Kokuo shotokuhi
- Erected: 1543
- Japanese: 国王頌徳碑 (koku ou shou toku hi)
The kokuô shôtoku-hi (lit. "stele of poem of the king's virtue") is a stele erected in 1543 which stands just outside the compound of Shuri castle, the royal palace of the Ryûkyû Kingdom. It is, for that reason, also known as the "Ishijô no higashi no himon," or "Stele to the East of the Stone Gate [to the palace]."

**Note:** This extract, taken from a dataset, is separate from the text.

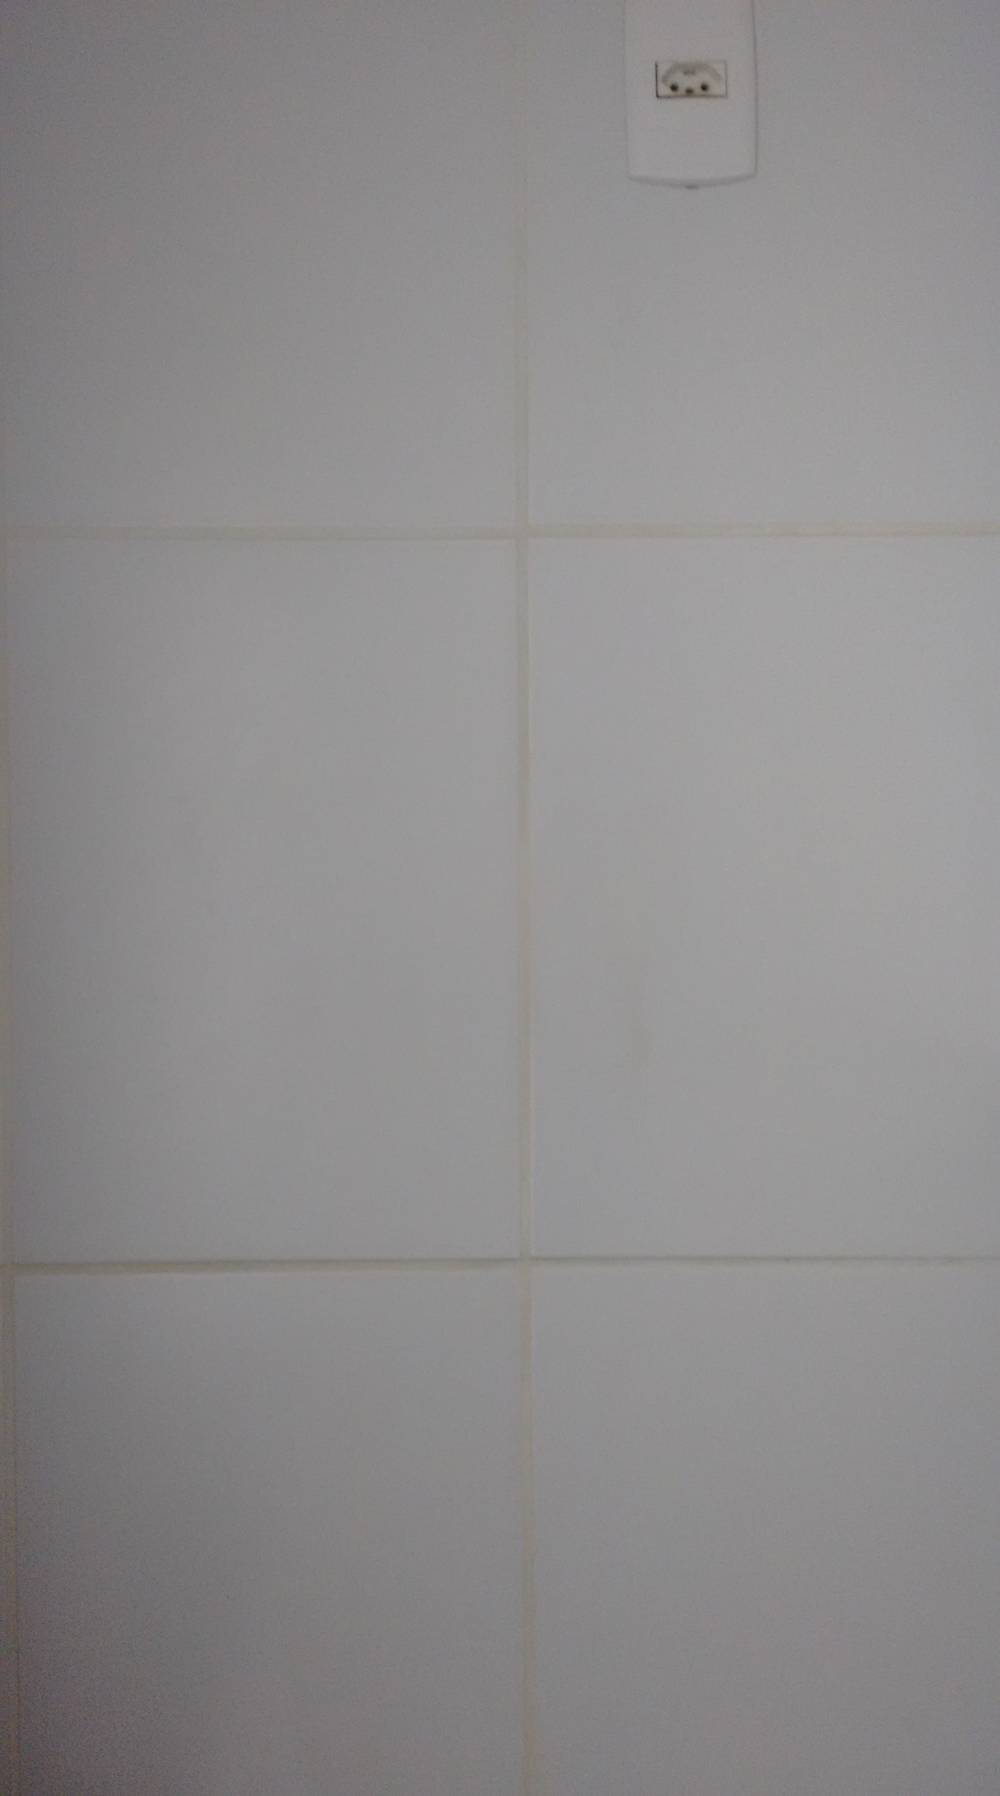 Valores de Reparo Residencial no Sítio dos Vianas - Reparos Domésticos
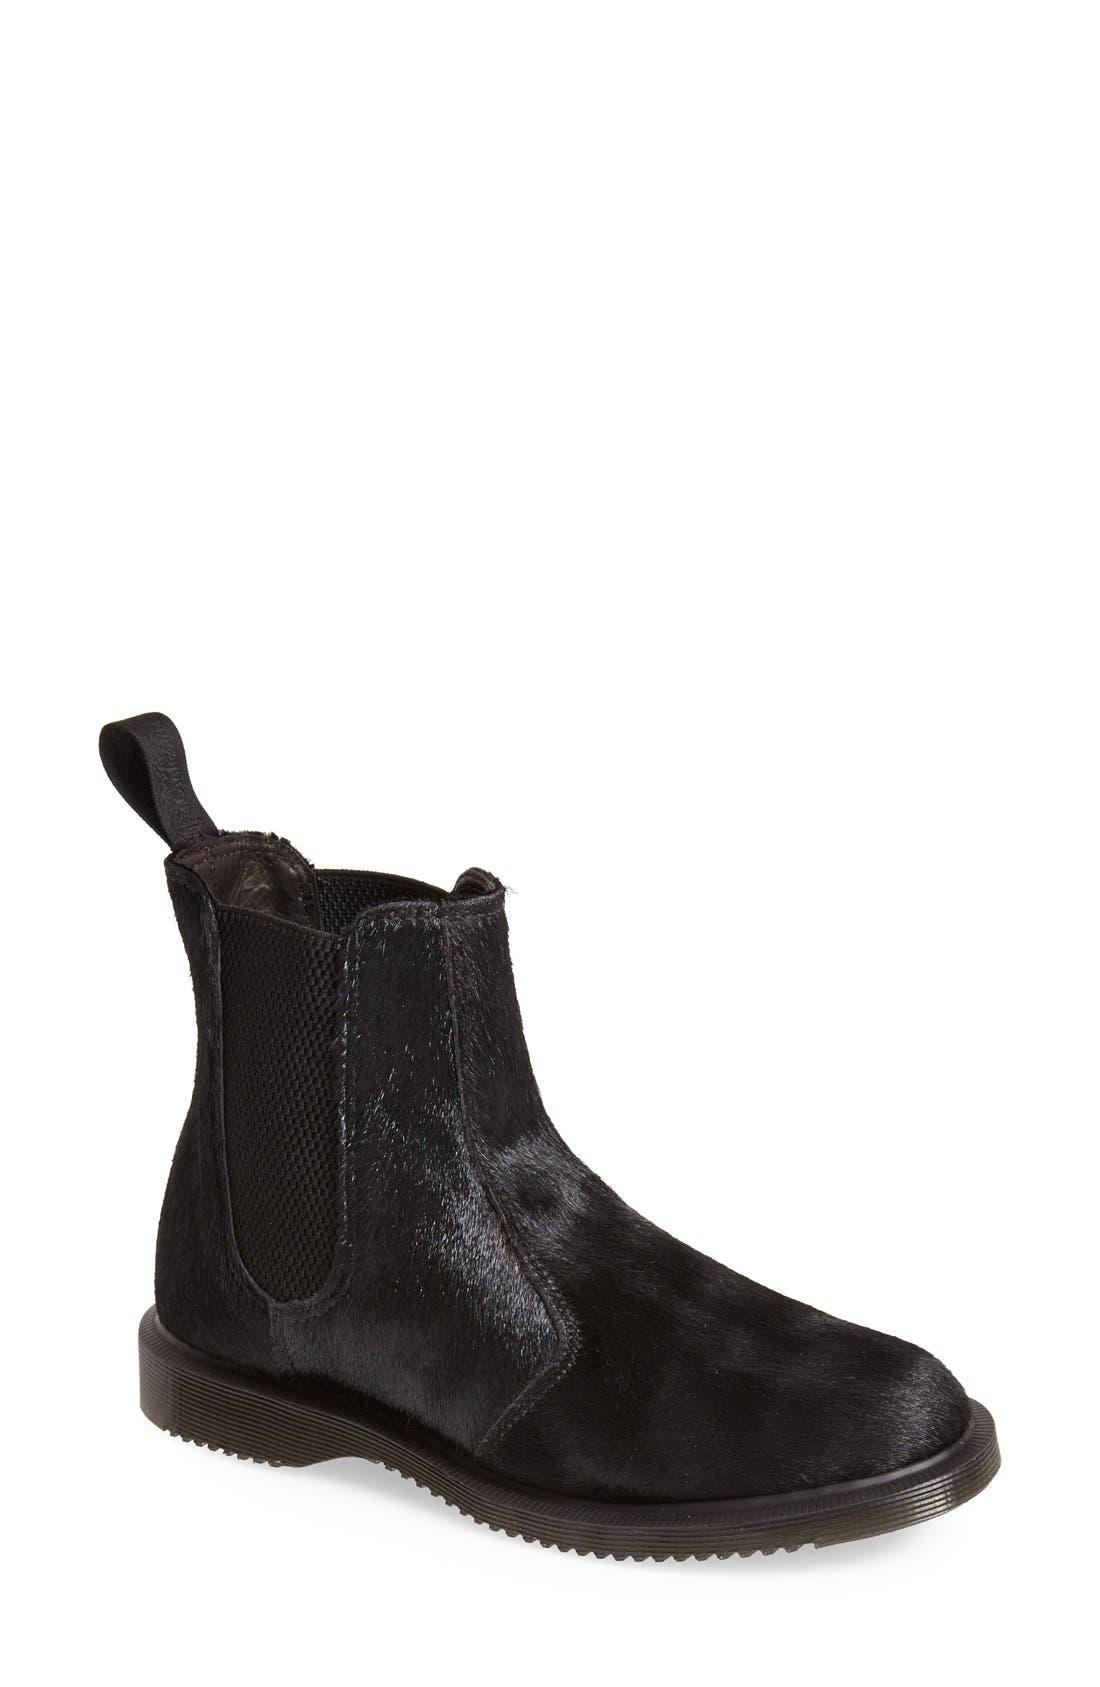 Main Image - Dr. Martens 'Flora' Calf Hair Chelsea Boot (Women)

The inscription, by Sengan, sixth abbot of Engaku-ji, praises King Shô Sei, who had the road paved running from the shrine at Bengadake, the highest point in Naha, to Shuri castle, and had pine trees planted all along its length. The inscription on one side of the stele is written in classical Chinese, and that on the other side in a combination of kanji and kana. The latter reads in part:
首里おきやかもいがなしの御代にみやこよりち金丸みこしみ玉のわたり申候時にたて申候ひのもん
Shuri okiyakamoi ganashi no miyo ni miyako yori chiganemaru mikoshi mitama no watari môshi sôrô toki ni tatemôshi sôrô hinomon
"Stele erected on the occasion of the dispatch from Miyako of a sword named 'Chiganemaru' and sacred beads during the reign of King Shô Shin."[1]
The stele is believed to have been erected in commemoration of that occasion. Other elements of the inscription include a proscription against self-immolation following the king's death.
The open area around the stele came to be known as Himun-nu-mo ("Hair of the Stele Inscription"), and beginning in 1935 it came to be the terminal of the Naha-Shuri bus line. The stele was destroyed in the 1945 Battle of Okinawa; a reconstruction stands on the site today, based on surviving portions of the original, and on other surviving stelae.
References
- Okinawa bijutsu zenshû 沖縄美術全集. vol. 4. Okinawa Times, 1989. Description of Plates 81-82.
- Plaques on-site.
- ↑ Text, romanization, and translation from Okinawa bijutsu zenshû.